Understanding frictions in a user support journey
My role: Lead user researcher
Team: Product manager, designer, 2x data scientists, tech lead, operational product managers.
Context:
The customer support department for a Southeast Asian hotel booking platform wanted to reduce the number of incoming support requests (email, phone, chat) from hotel partners, and improve overall partner experience.
Brief:
Identify frictions in the user flow when hotel partners try to access support. Understand the root causes behind hotels making contact.
Outcomes
Identified cost saving opportunities of $600,000 per year.
Gained leadership approval for two scrum teams to work on development of new recommended support channels.
Delivered insights on root causes of partner issues and unknown frictions in the user journey to relevant teams.
Initiated investigation into and fixing of company software bugs following evidence collected in research.
Process
I held a kick-off workshop with all relevant stakeholders to surface questions and assumptions related to the hotel support journey.
I then partnered with a data analyst.
We looked into:
which hotels, in which countries, showed the highest rate of support requests per number of bookings,
how requests varied by channel type (phone, email, chat).
the rate of repeat requests by channel type and reason for escalation.
From this data analysis, I selected a set of hotels across three countries (Thailand, Malaysia, Taiwan) for my team to learn from.
I conducted in-depth interviews with hotel staff, allowing them to recall their experience trying to contact the hotel booking platform for support. They showed us various documents that enriched this description, such as incident reports.
We observed participants using various channels for different hotel booking platforms to understand how raising support requests fit into their workflow. This surfaced the affordances of different channels and frictions they experienced.
I designed an open card sort activity to understand how hotel users named and categorised their issues. This highlighted the differences between how users explained their needs versus how we named them internally.
After team analysis, we walked through a possible new support journey using rough sketches.
I worked with our designer to create a paper prototype for testing the flow in our next round of interviews.
User journey mapping with the team.
Testing paper prototypes in the users’ context.

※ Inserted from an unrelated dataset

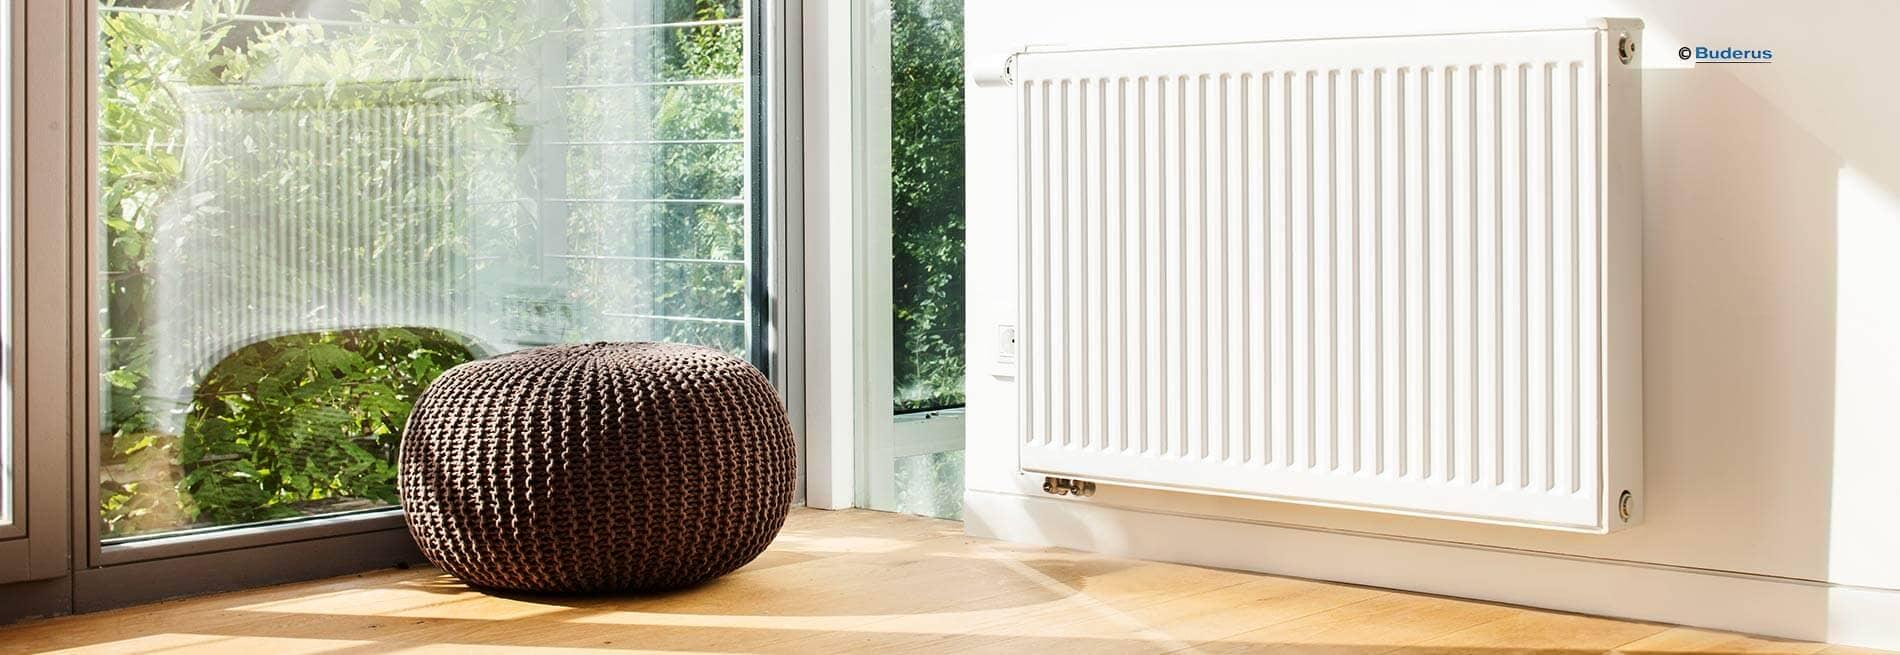 gt haustechnik ihr partner f r heizung sanit r und energie. Black Bedroom Furniture Sets. Home Design Ideas

I held multiple group analysis sessions with the product manager, designer, data scientists and tech leads before agreeing on a set of findings and next steps to deliver to senior leadership.
We affinity sorted the qualitative data collected in the field into themes.
Working with data analysts, we investigated the flow of support requests through different databases to trace and identify potential bugs.
As a team, we prioritised a set of insights to inform the design of new support channels.